The impact of the development of connected objects on repairs, skills and training

Written by Pierre Sinodinos, on 06 February 2018

Most specialists insist that the development of connected objects, a development that began around 2010, should not only continue but also accelerate.

The Idate (Institute of Audiovisual and Telecommunications in Europe) estimates that there are currently 15 billion internet-connected objects in the world compared to only 4 billion in 2010, confirming the speed of this phenomenon. And these numbers are not stopping there, as according to a study conducted by Gartner and Idate in 2020, the number of connected objects in circulation worldwide will range between 50 and 80 billion. In other words, each person will own approximately 6 connected objects.

These figures allow us to measure the magnitude of the phenomenon and lead to questioning its impacts, including economic, technical, sociological, and institutional impacts.

As a consulting firm, it seemed appropriate to us, in such a context, to conduct a study aimed at identifying the impacts of the development of connected objects on service/maintenance activities, as these activities emerge as strategic not only from a technical and economic point of view but also from the perspective of essential societal issues such as energy efficiency and waste management (improving the durability and repairability of products in particular).

With this in mind, we conducted an exploratory study aimed at anticipating, by 2020, the impacts of the development of connected objects on service/maintenance jobs in six categories: Household Appliances, EGP (Energy, Gas, and Petroleum), IT, Health and Wellness, Smart Home, and Heating.

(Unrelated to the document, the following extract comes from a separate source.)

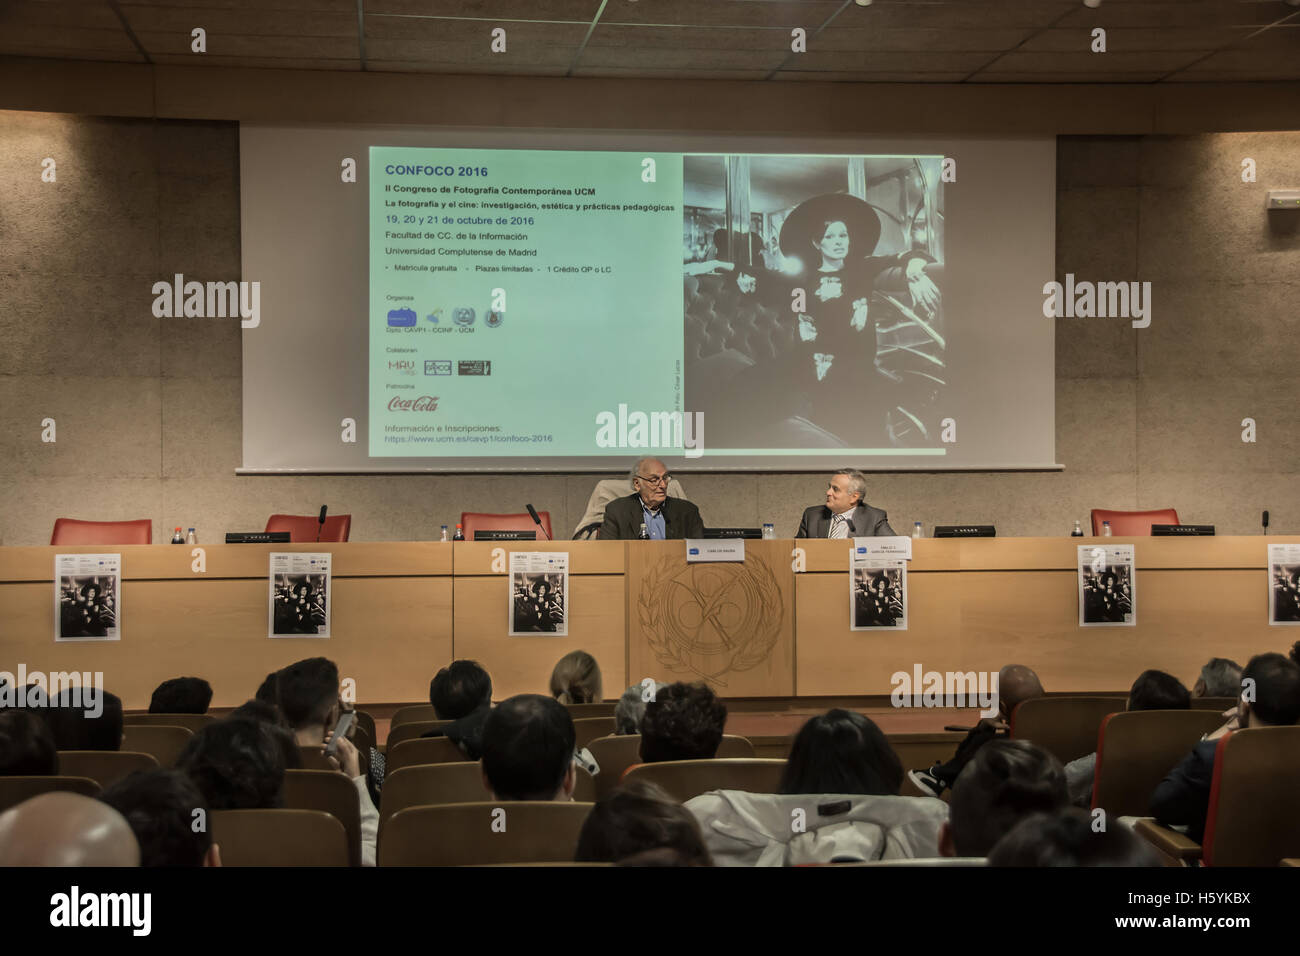 El director de cine Carlos Saura dar una conferencia en la Universidad de Madrid, España, en la conferencia de fotografía 'cine' confoco Foto de stock

To ensure the validity of the results, this study relied on exchanges with a wide range of professionals and experts (nearly a hundred people interviewed). In addition to these interviews, we also conducted a series of data collection and statistical analyses.

This study should help the authorities responsible for managing employment in the six targeted professional families to better understand the risks and opportunities generated by the development of connected objects. It demonstrates, indeed, that while this development will likely have only a small impact on employment levels (tendency towards stability, or even decrease), it should, however, lead to significant changes in job content and required skills (necessary mastery of a new field of knowledge and skills, breaking down of knowledge and skills barriers, development of versatility, mastery of new tools...).

There would thus be, in the long term, a risk of skills mismatch, a mismatch that could compromise the expected development dynamic. Hence the recommendations formulated at the conclusion of the study aimed at addressing this risk.